As described above, according to the sound analysis device that the present invention relates to, the mixed audio rate of ground unrest and sound is divided into a plurality of bandpass signals, and the autocorrelation value that will calculate at each bandpass signal is proofreaied and correct with the correcting value corresponding to the signal to noise ratio (S/N ratio) of bandpass signal, and utilize the autocorrelation value after proofreading and correct to calculate component ratio non-periodic, therefore, even exist under the actual environment of ground unrest, also can correctly analyze component ratio non-periodic of sound itself according to each divided band.
Component ratio non-periodic of each bandpass signal can utilize on the individual identification of the generation of the synthetic video that has imitated sounder or sounder as the personal characteristics of sounder.Sound analysis device by utilization the present invention relates to can improve the sounder similarity of synthetic video and the reliability of enhancing individual identification in those application that utilize component ratio non-periodic.
(to the application examples of sound analysis device)
Following application examples as sound analysis device of the present invention, at utilizing the component ratio of obtaining by analysis non-periodic, the phonetic analysis synthesizer and the method that generate synthetic video describe.
Fig. 9 is the block diagram of an example that functional structure of the phonetic analysis synthesizer 500 that application examples of the present invention relates to is shown.

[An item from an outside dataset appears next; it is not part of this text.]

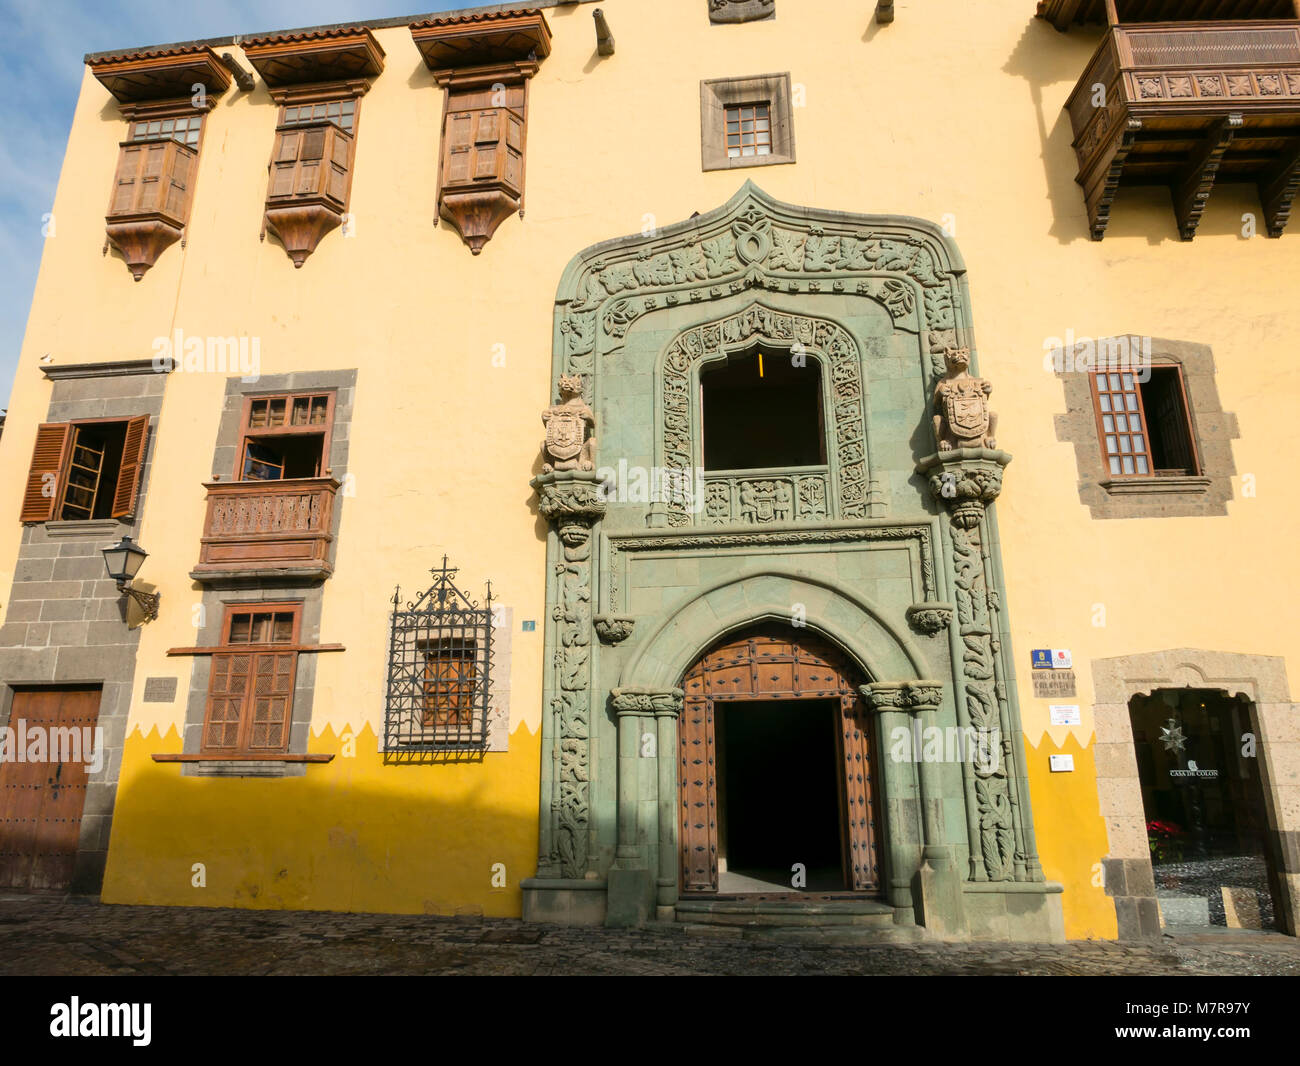 Casa de Colon (Christopher Columbus' House) Vegueta, Las Palmas de Gran Canaria, Canary Islands, Spain. Stock Photo

Phonetic analysis synthesizer 500 among Fig. 9 is analyzed first input signal and second input signal, and, in second sound represented, reproduce with second input signal with the first represented sound of first input signal non-periodic composition device, described first input signal is represented the mixing sound of the ground unrest and first sound, described second input signal is represented second sound, and described phonetic analysis synthesizer 500 comprises: sound analysis device 100, sound channel signature analysis portion 501, liftering portion 502, sound source modelling portion 503, synthetic portion 504, and non-periodic composition frequency spectrum calculating part 505.
In addition, first sound can be identical sound with second sound.In the case, composition non-periodic of first sound is useful in the synchronization of second sound.Under first sound situation different with second sound, obtain the correspondence in time of first sound and second sound in advance, and, composition non-periodic of reproduction moment corresponding.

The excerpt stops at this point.